Tutto ha avuto inizio quando avevo circa dodici anni, ancora trascorrevo i pomeriggi a giocare con la Nintendo, totalmente ignara del mondo là fuori.
Non avevo mai avuto relazioni, soltanto un patetico fidanzamento alle scuole elementari con un compagno di classe che mi faceva più pena che altro.
Di cotte ne avevo avute parecchie, ma non ero mai stata ricambiata, ai tempi di Messenger riuscivo soltanto a rendermi ridicola dietro lo schermo del pc, dimostrandomi dal vivo una totale imbranata.
Ero una ragazza timida, riservata, esageratamente empatica ed ambiziosa.
Se l’empatia mi costringeva a giustificare lo stronzo di turno, l’ambizione mi logorava dall’interno: non potevo accontentarmi e ogni cosa che facevo non era mai abbastanza.
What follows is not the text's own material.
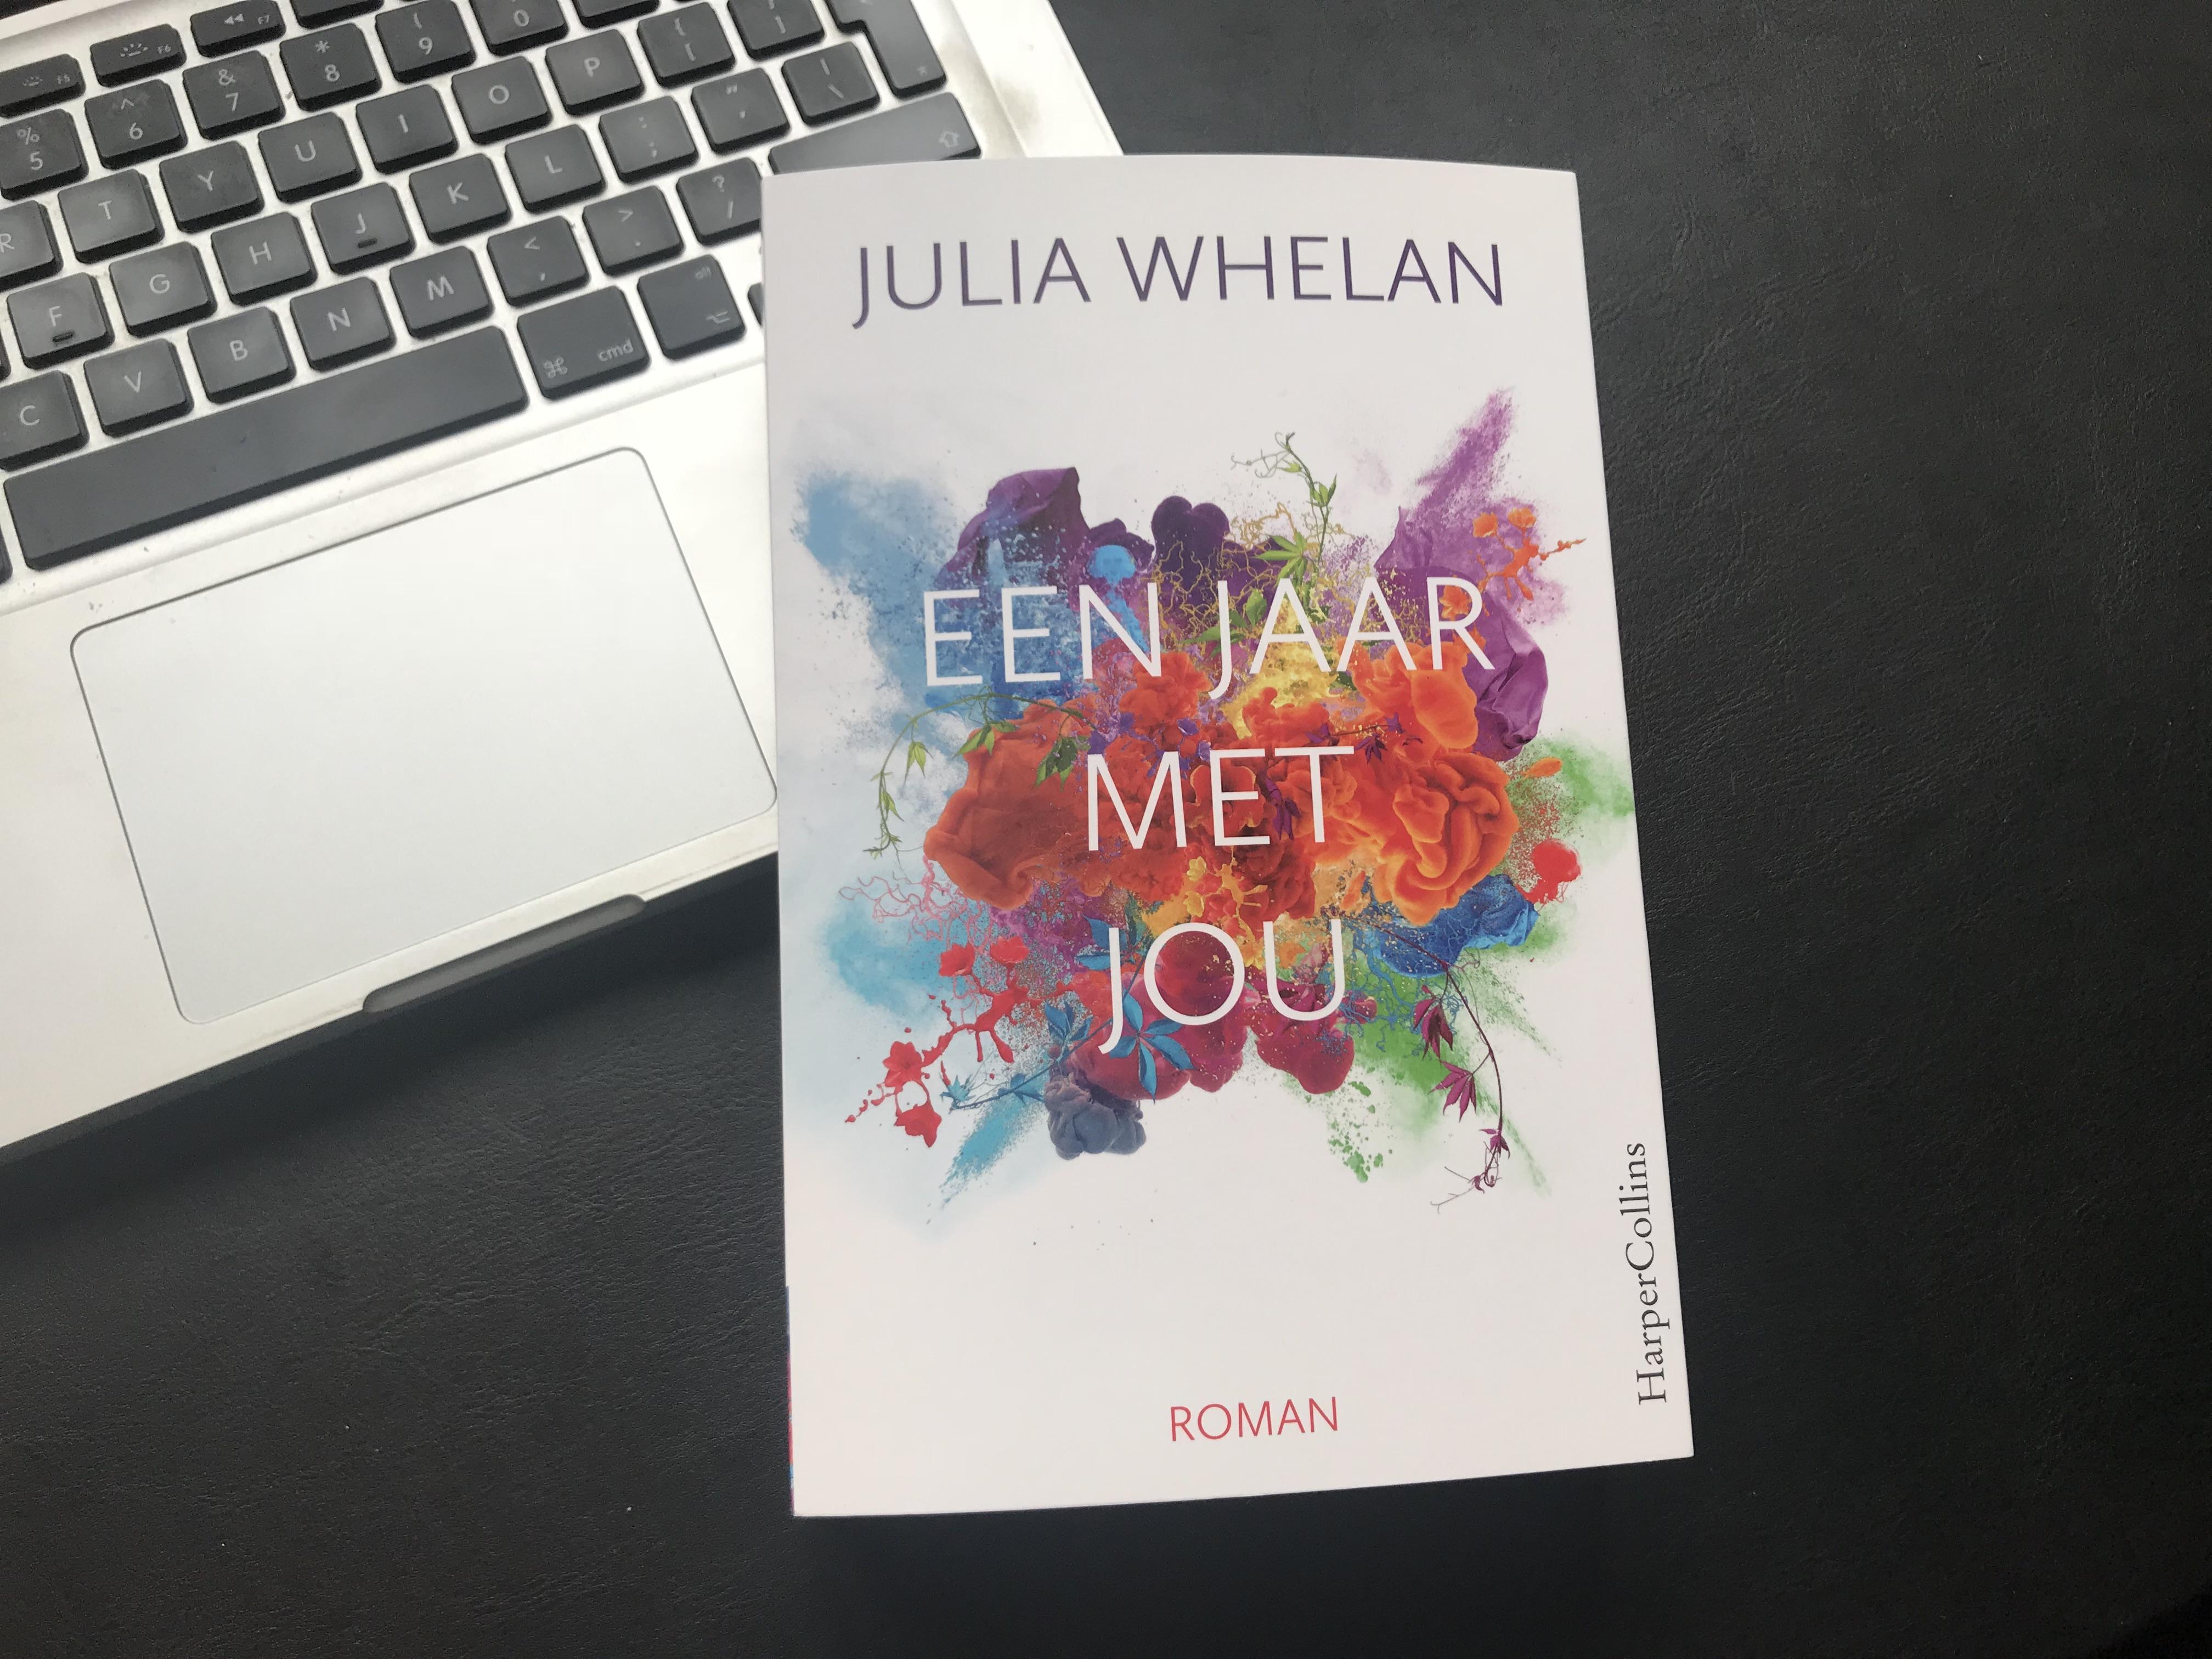 Recensie: Een jaar met jou – Julia Whelan

Cresciuta in una famiglia nella quale si dispensava l’odio e la denigrazione non avevo mai imparato ad amare, mi ritenevo un fallimento a causa delle ripetute violenze psicologiche di mio padre, e non riuscivo ad avere un gruppo di amici col quale uscire e divertirmi.
Frequentavo il Russell di Milano, credo uno dei pochi licei scientifici biomedicali presenti in Italia, poiché sognavo un giorno di poter diventare pediatra.
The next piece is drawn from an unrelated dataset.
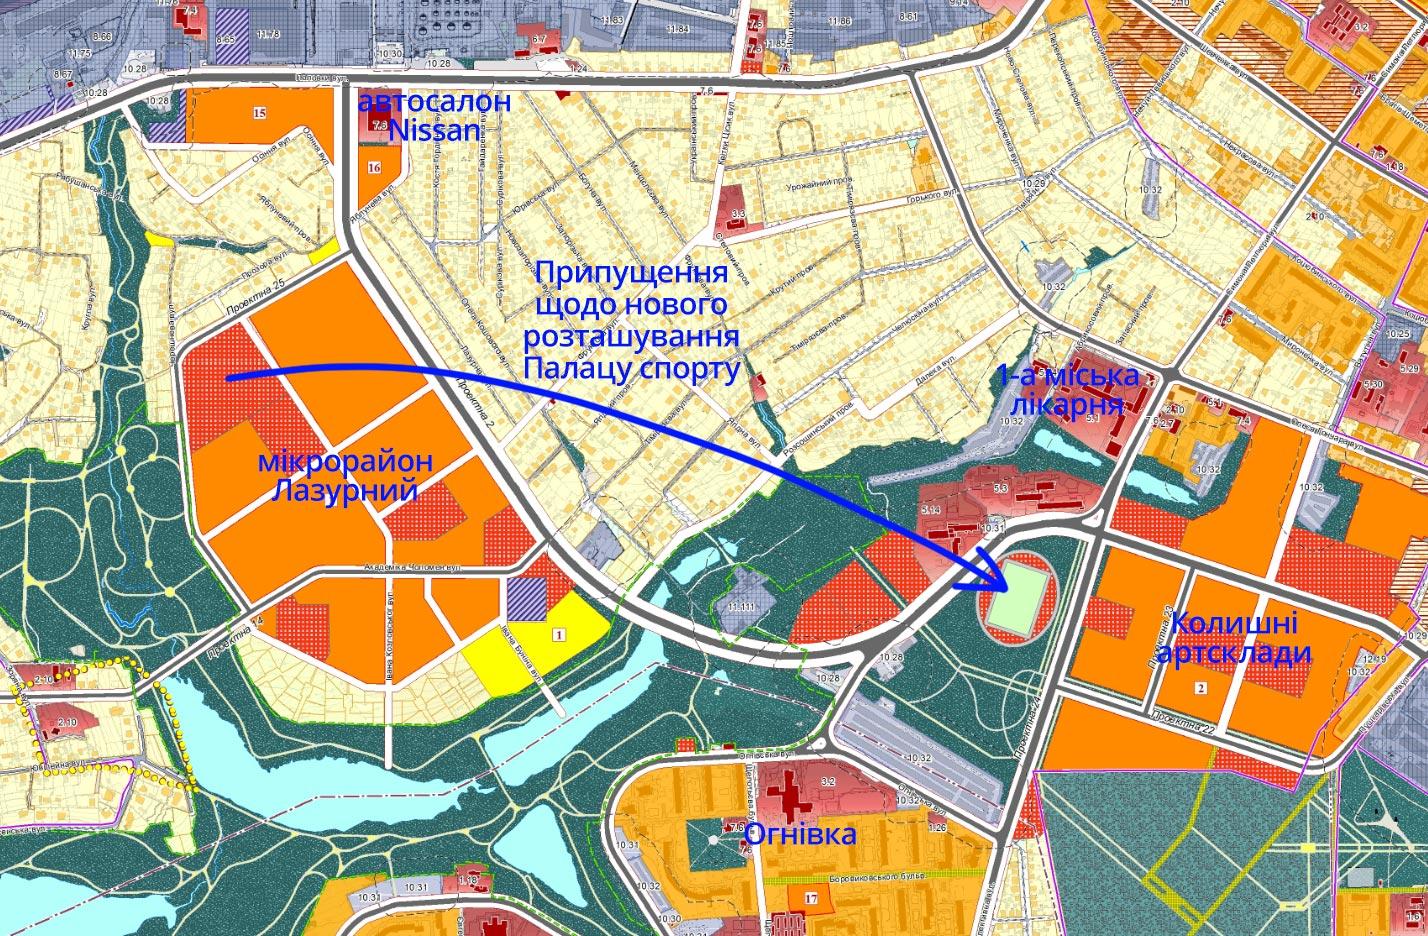 Припущення щодо нового розташування Палацу спорту

Mi viene da ridere al solo pensare a quante cose son cambiate oggi.
Ad ogni modo, era una mattina come tante altre, l’interrogazione di Latino non era andata affatto bene ma preferivo tenermi il mio tre piuttosto che un nove ottenuto copiando.
Che ragazza stolta! 
I giusti non vincono mai e col tempo ho compreso che la furbizia è fondamentale per farsi spazio tra la gente.
Comunque, la mia totale mancanza di autostima mi permise di non esser scalfita da quell’orribile insufficienza e durante l’intervallo il mio cervello si era già connesso su differenti lunghezze d’onda.
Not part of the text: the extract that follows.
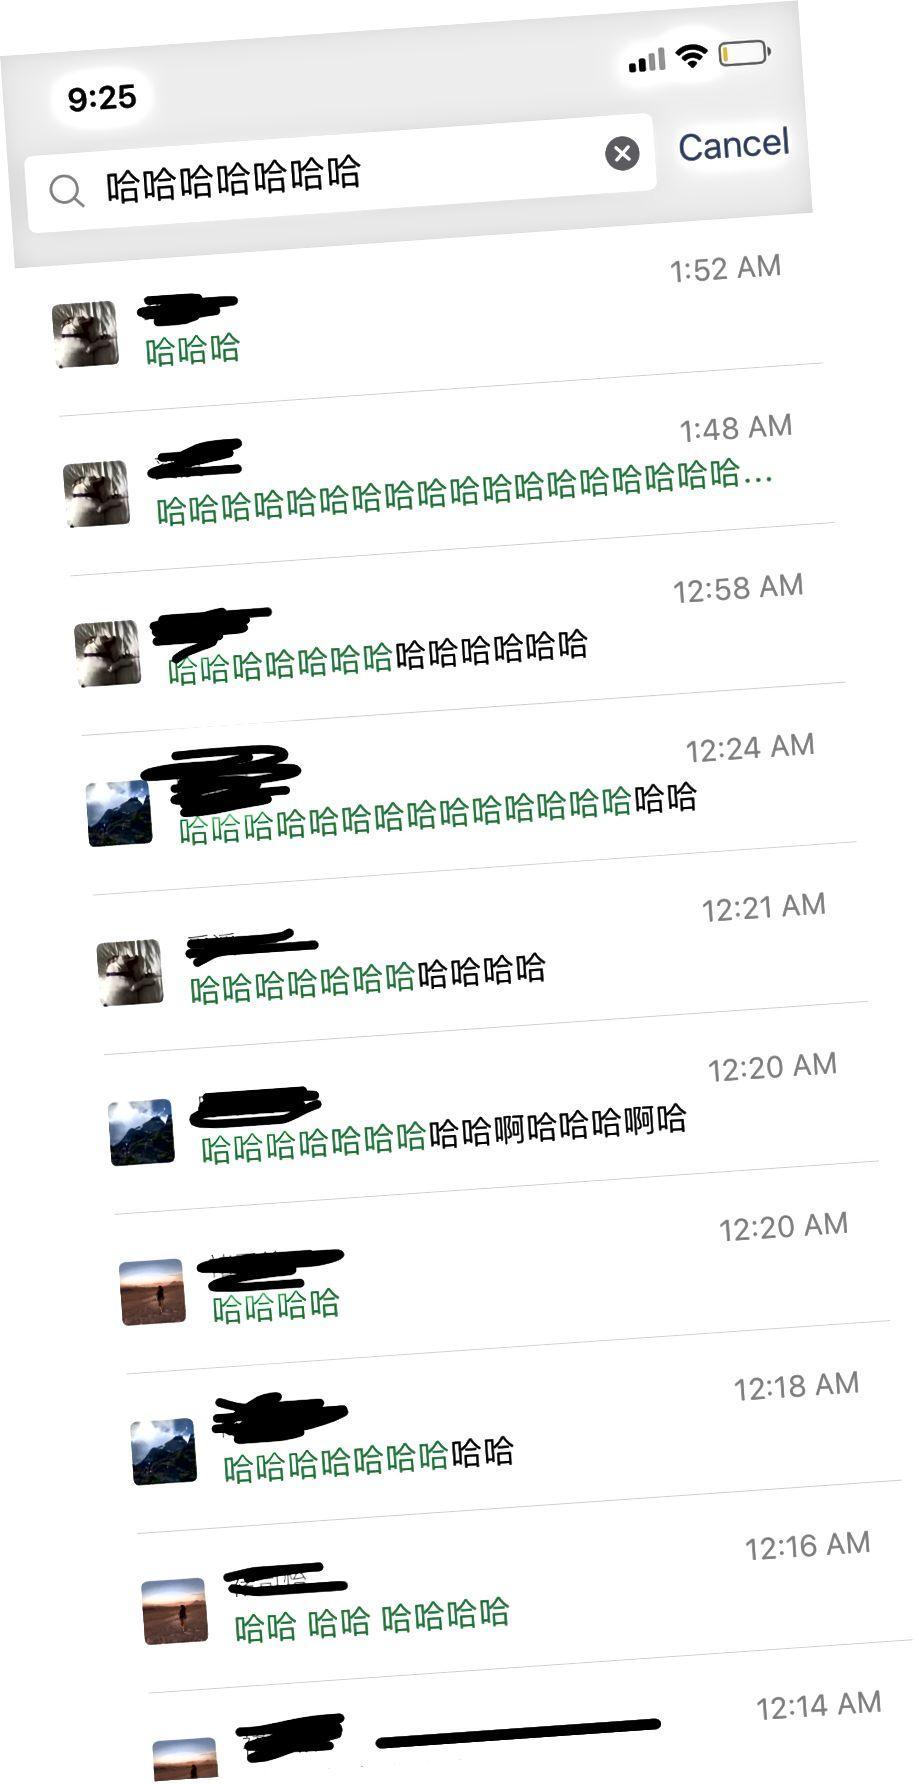 ການຄົ້ນຫາໃນປະຫວັດການສົນທະນາຂອງກຸ່ມ WeChat ກັບ ໝູ່ ສອງຄົນຂອງຂ້ອຍ. ຖ້າທ່ານອ່ານພາສາຈີນ, ທ່ານສາມາດເຫັນໄດ້ວ່ານອກ ເໜືອ ຈາກການໃຫ້ການສະ ໜັບ ສະ ໜູນ ທາງດ້ານອາລົມ, ພວກເຮົາກໍ່ໃຫ້ ກຳ ລັງໃຈກັນ, ເວລາໃຫຍ່. (ສຳ ລັບພວກທ່ານທີ່ບໍ່ໄດ້ອ່ານພາສາຈີນ, ໝາຍ ຄວາມວ່າ

« Non vedo l’ora che sia stasera per guardare Harry Potter sul sei, finalmente lo danno in televisione » 
La mia compagna di classe era euforica mentre pronunciava quelle parole.
Salii le scale al suo fianco, tenendo saldamente in mano la brioche alla nutella che dopo minuti interminabili ero riuscita a comprare.
« Sì è fantastico, sarà la centesima volta che lo guardo ma non mi stanco mai » confessai.
« Caspita non sapevo lo guardassi anche te! Ma a te piacciono Ron ed Hermione?» domandò mentre raggiungevamo l’aula.
« In che senso? »
« Beh, ho sempre pensato che lei meriti un ragazzo un po’ più sveglio, tipo Draco »
La fissai con tanto d’occhi, « È perché mai quel razzista antipatico... come ti è venuta in mente di vedere quei due.. insieme? »
La mia sindrome ebbe inizio in quell’esatto momento: il marcio dell’animo diventò ai miei occhi incomprensione altrui.
Aldilà del fatto che ero soltanto un’ingenua sedicenne, ignorante ed incapace di coniugare un tempo verbale, efp fanfiction divenne il mio luogo di ritiro spirituale.
Mi cimentai nella lettura di storielle che cambiarono completamente la mia visione del mondo, probabilmente ne rimasi traumatizzata, ma in me nacque il desiderio di imparare a scrivere, per poter trasmettere quelle sensazioni di appagamento e soddisfazione personale che solo le parole sono in grado di donare.
E maturò anche qualcos’altro, di tanto simile al voler aiutare, come una crocerossina, il tipico subdolo manipolatore privi di sentimenti, alias lo Stronzo.
Fortunatamente, nel mio circondario di conoscenze non c’era nessun ragazzo che potesse ricoprire il ruolo, per cui trovai rifugio all’interno dell’ormai obsoleto Ask.fm, dove scoprii la vita dei gdr, o giochi di ruolo.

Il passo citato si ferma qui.